In fact, only as I sorted through old toys for charity, did sight of the Brother Raggedy unleash the ugly, terrifying truth I had blocked out for so many years.
His sister Ann would not be among these bags and boxes.
Raggedy Ann was dead.
Ann and Andy had been a rather mismatched set from the beginning. Ann was a tall girl-- lean, lanky, and towering above her brother.
Together they looked like a stuffed Sonny and Cher. And, following the tradition, it was Ann who got all the attention.
Ann also suffered from female pattern baldness. So my mother would dutifully re-wig her with whatever color yarn she had handy.
By my kindergarten year, Ann looked less like Cher and more like Courtney Love-- a sticky, smeared, and faded strawberry-blond.
Then she succumbed to further indignity, when Grandpa sat on her.
I can admit it now; it was my frantic attempt to save her from smothering (the Aged Relative was not known for his exemplary hygiene) that inadvertently detached her arm, and triggered her true downward spiral.

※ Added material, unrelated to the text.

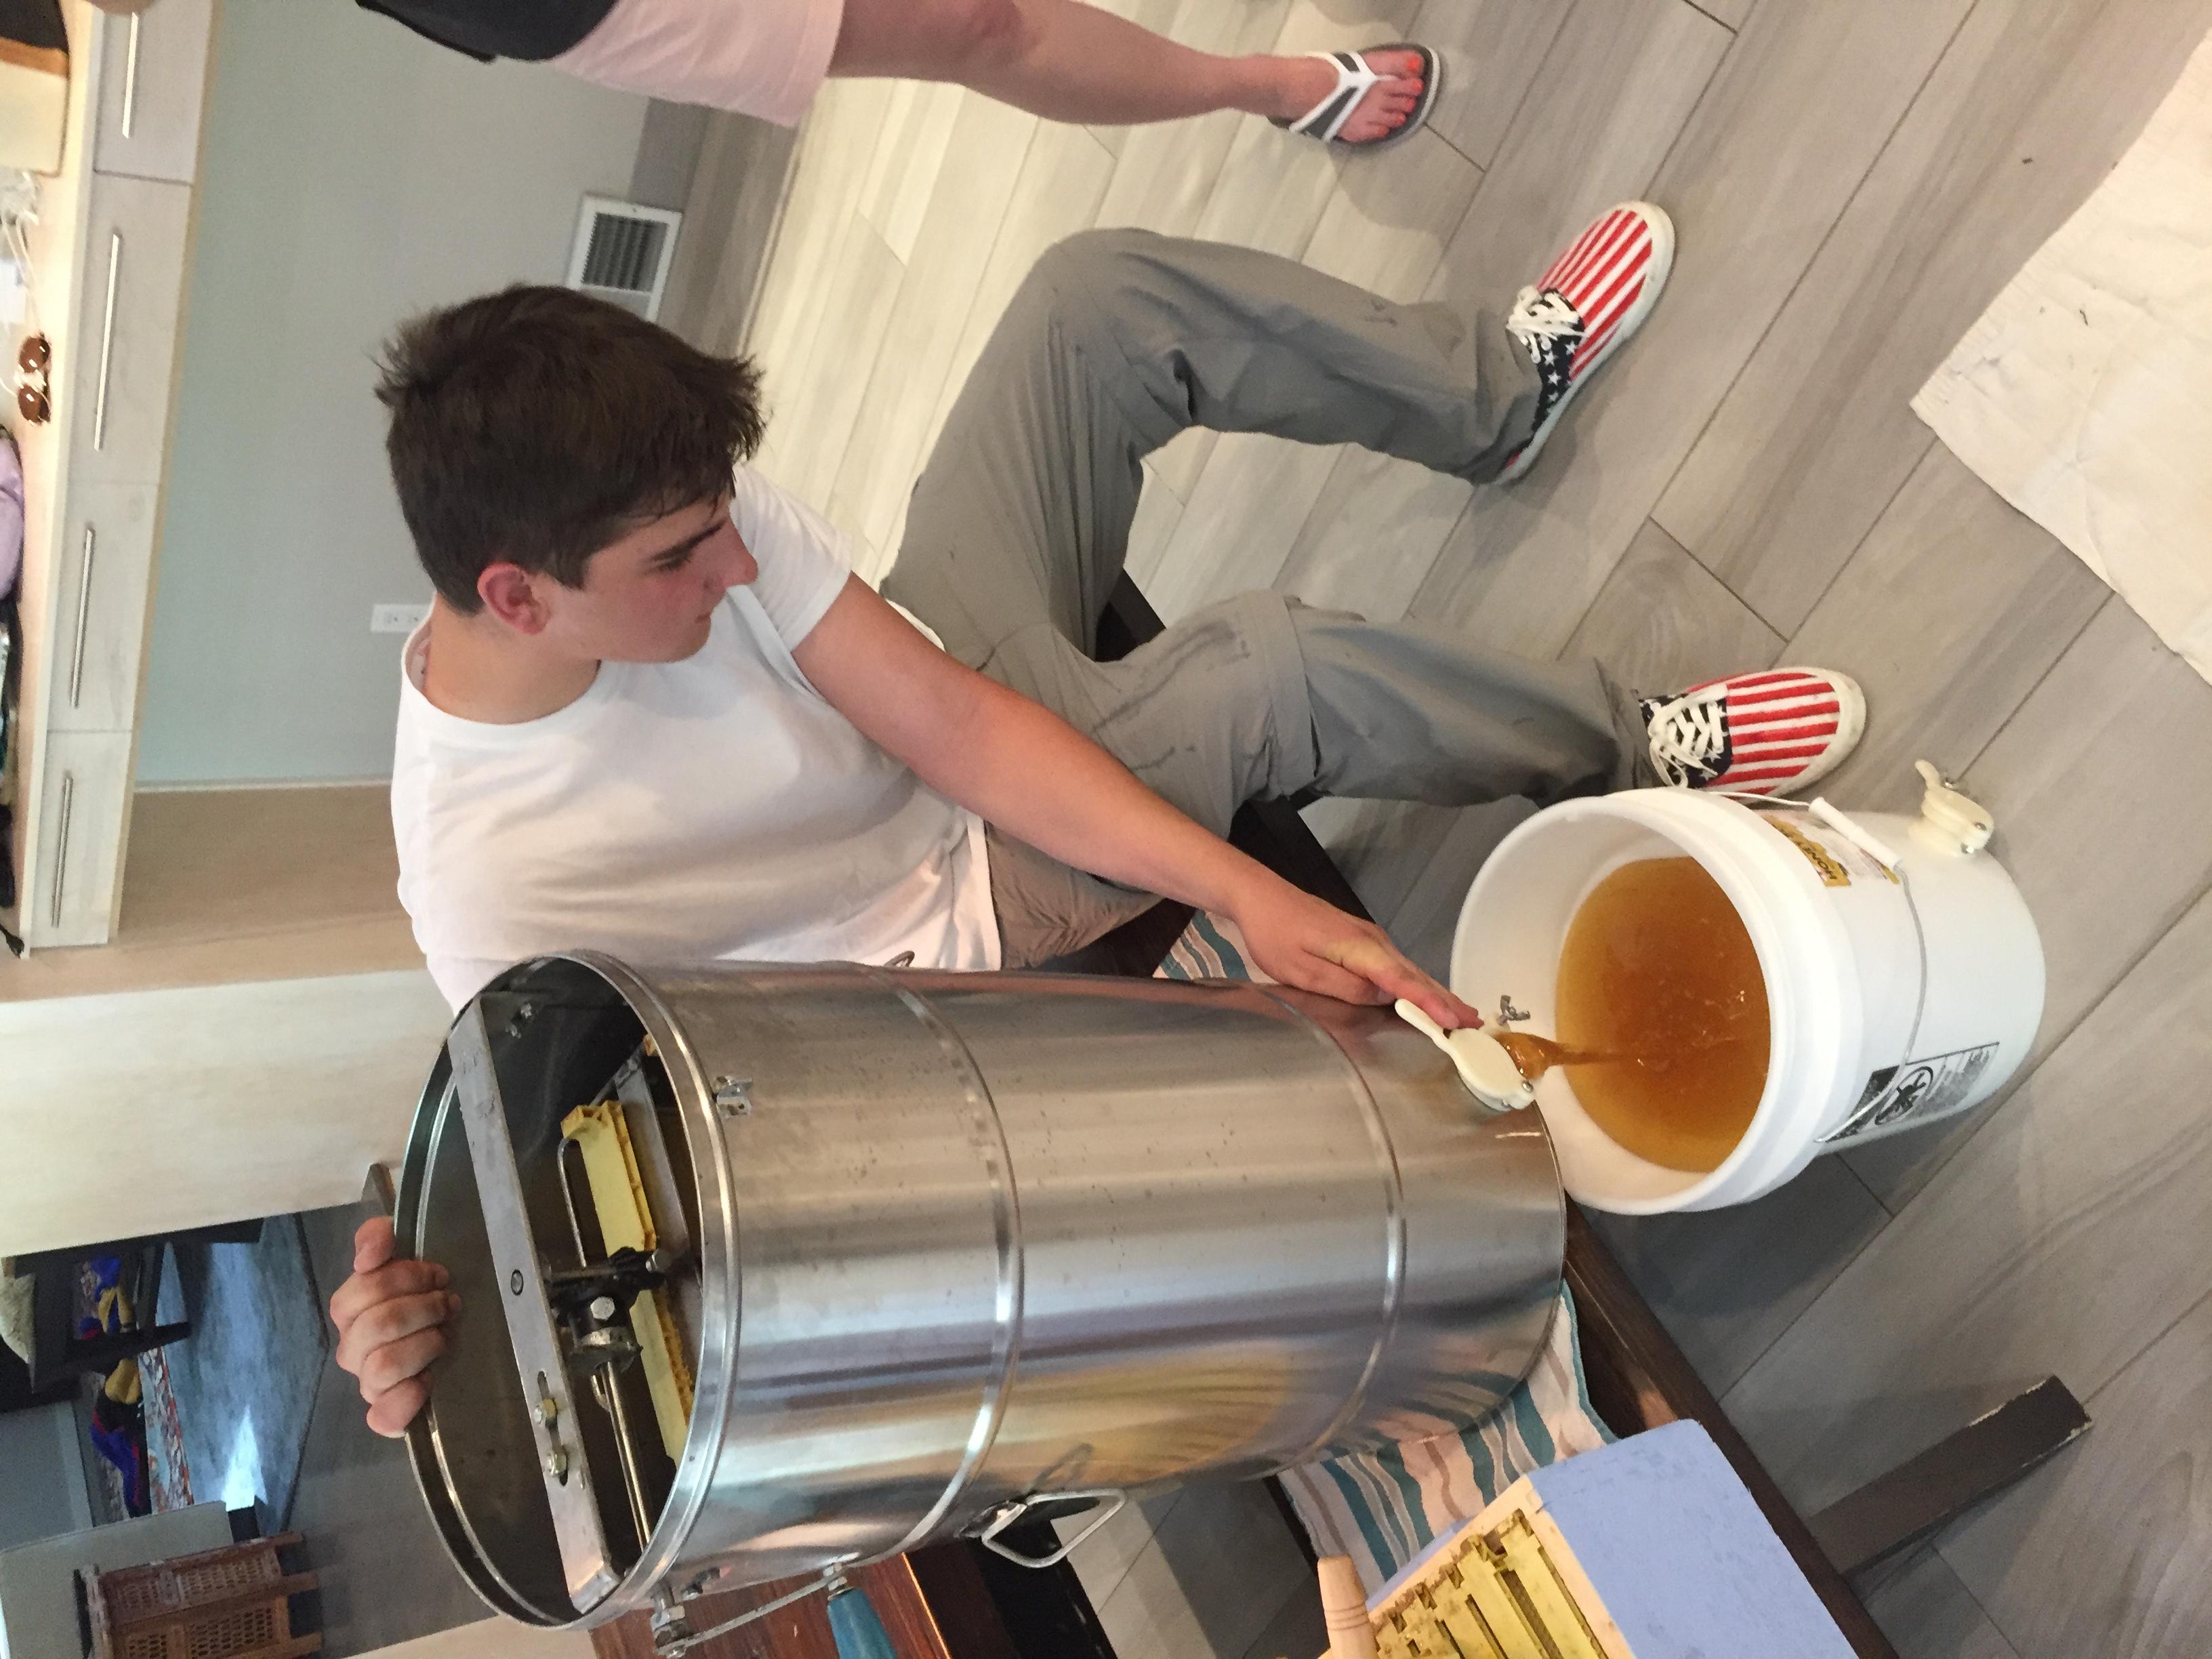 Filtering the honey

I waited fearfully, while Mom put Ann in rehab. Under her skillful hands, Ann was stitched-up, washed, coiffed, detoxed and just about ready to begin life anew. I was overjoyed.
But Ann was also still drenched. A day went by... another... and repeated tumbles in the dryer, and even summer sunbathing on the porch, didn't encourage her ultimate recovery. I was five and I was anxious.
And that’s when Mom decided to speed-dry her in the microwave.
I should emphasize that in the mid-70s, microwaves were still rare and mysterious things. Shadowy and mystical... Akin to Sea Monkeys, StarWars and the high-tech visual delights of Atari Pong.
Mom's logic was that if a microwave could cook a baked potato in seven minutes, it could surely dry some cotton hussy with sporadic alopecia. And it might have worked, too. Only, see, microwaves cook from the inside out and Ann’s insides were, we later learned, sawdust.
Black smoke pouring from the appliance signaled the beginning of the end for our Ann.
In seconds, our dining room smelled like a bonfire. Flames shot from Raggedy Ann’s chest, licking the microwave’s inner roof. The smoke detector squawked like a dying goose. Mom shrieked, tossed baking soda on the doll and patted her down like Kurt Russell in Backdraft. Ann was carried out smoldering.
My mother made a final, noble attempt to resuscitate Raggedy Ann. A denim patch went over the spot where the fatal heartburn had taken place. And we went through the motions of redrawing her facial features with magic marker.
But she still reeked of burnt wood and scorched cotton. And her face was just wet enough so that her markered lips bled into a crooked, post-mortem sneer.
It was time to face facts: Raggedy Ann was no more. We put her in a grocery bag and I watched from the window as Mom set her out with the trash.
I never got another Ann. It would have been disrespectful. But when the Adult Me picked up Andy and added him to the donation bag, I had to wonder...
How on earth did I ever explain to him that his sister, who went in for a simple makeover procedure, ended up dead and dumped at the side of the road?
To this day he probably figures it was a mob hit.